Transit of DENV through Early and Late Endosomes

To further investigate the cellular compartments involved in intracellular fusion for DENV penetration, we then examined the roles of the small Rab5 and Rab7 GTPases, known to be key regulators in vesicular trafficking to early and late endosomes, respectively [26], [27]. To this end, the DN mutants of Rab5 S34N and Rab7 T22N, which have been validated in entry studies with different enveloped viruses [5], [19], [28], were employed.

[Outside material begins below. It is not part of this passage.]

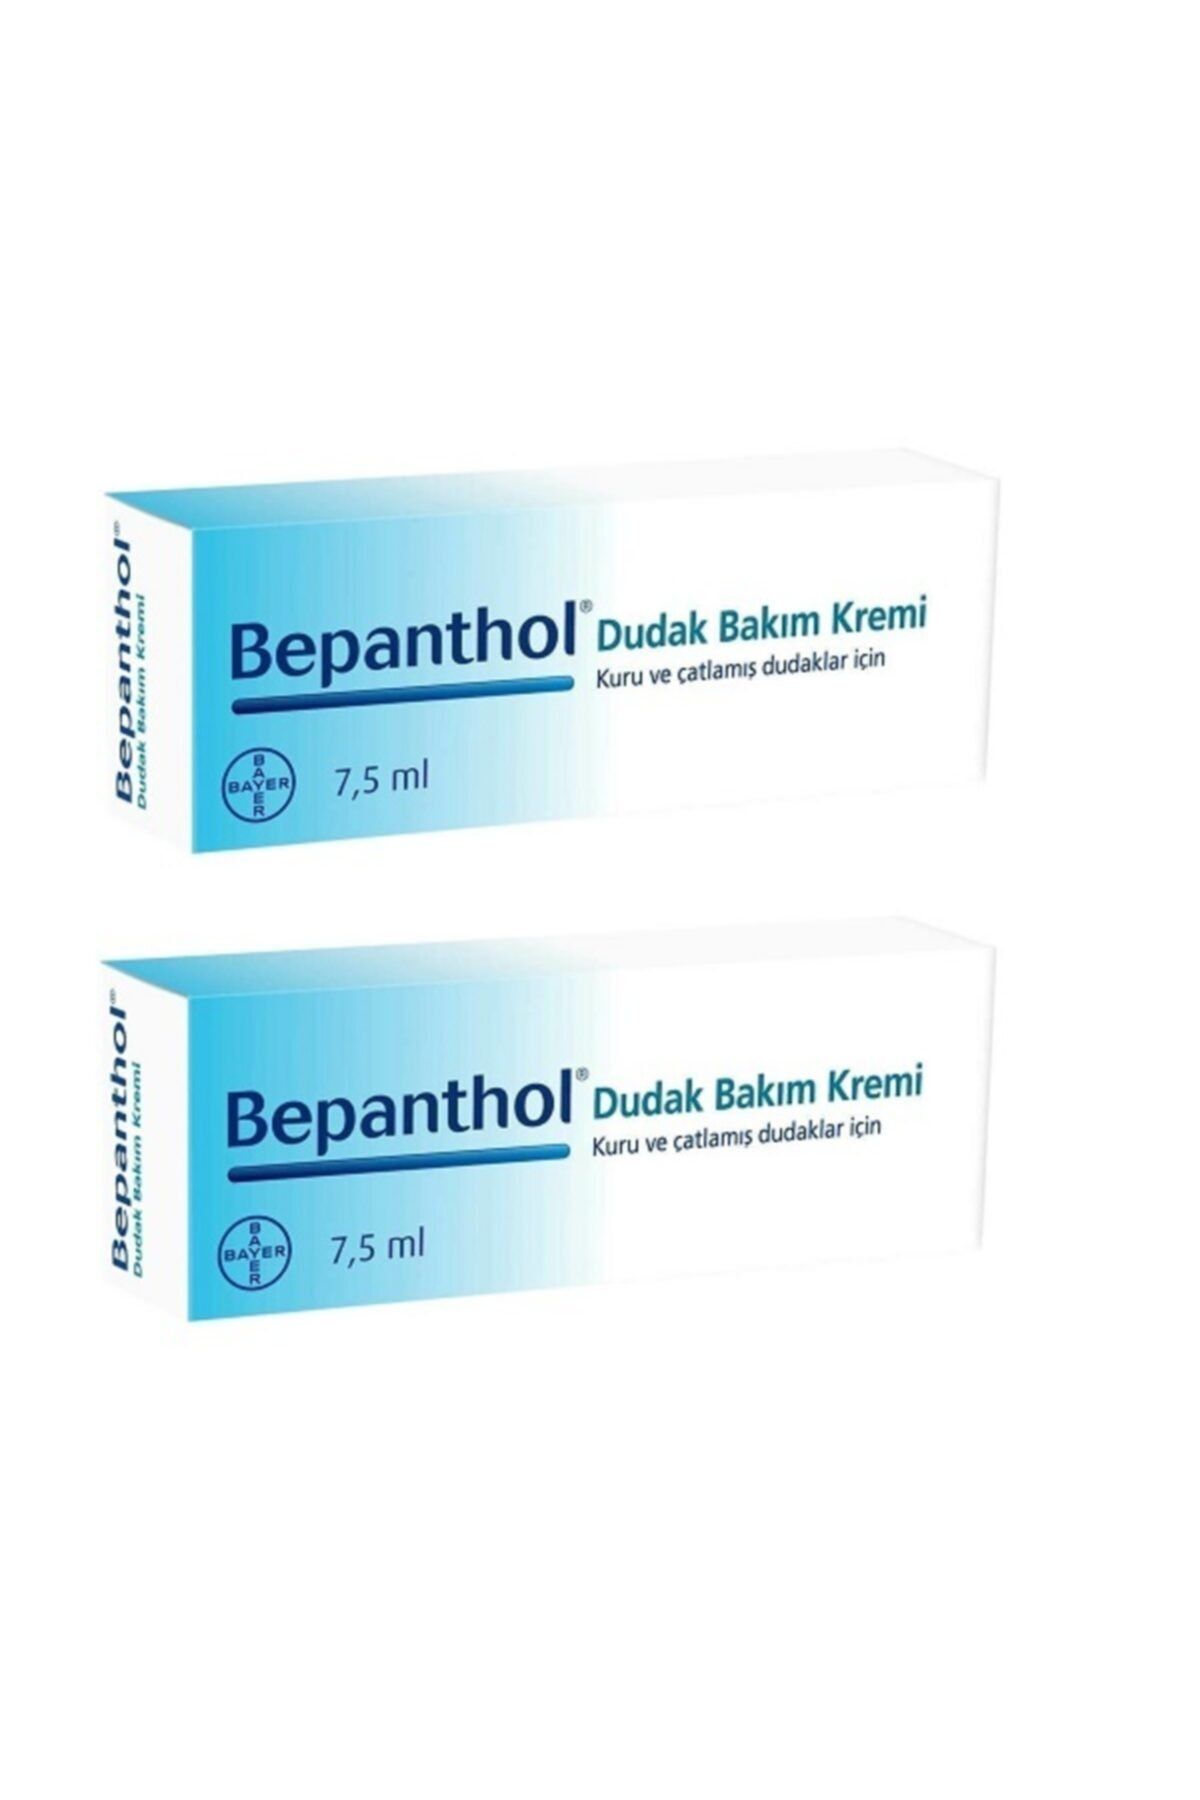 Bepanthol E Vitamini Içeren Dudak Bakım Kremi 7.5 Ml - 2'li Paket

First, cells were transfected with the control vector pGFP-C1 or constructs expressing GFP-tagged versions of wt and DN form of Rab5 to analyze the transit to early endosomes. After 24 h of transfection cells were infected with DENV-1 or DENV-2 for 1 h at 37°C and then processed to detect GFP expression and internalized viral antigen by indirect immunofluorescence staining of E glycoprotein. When Vero cells were transfected with the wt plasmid, both DENV-1 and DENV-2 virions were internalized in endocytic vesicles exhibiting a speckled and strong virus antigen staining within the cytoplasm and superposition of GFP autoflorescence and viral protein immunofluorescence (Fig. 3A). In contrast, the expression of the DN affected virus internalization, evidenced by a slight and disperse red fluorescence. To examine the effect of blockade in Rab5-mediated transport on productive infection, transfected cells were allowed to be infected during 24 h before proceeding to cell fixation and staining. The overexpression of Rab5 DN S34N reduced the infection by DENV-1 and the two strains of DENV-2 approximately to 70%, indicating the requirement of the functionality of Rab5 and, consequently, transport of viruses to early endosomes for successful infection (Fig. 3 B, C). The functionality of Rab5 transgenes in Vero cells was ensured using TRITC-labelled transferrin as control [29]. As expected the overexpression of Rab5 DN S34N reduced the accumulation of transferrin in comparison with cells expressing Rab5 wt, with minor fluorescence intensity in cytoplasm and failure in the superposition of both proteins (Fig. 3 D).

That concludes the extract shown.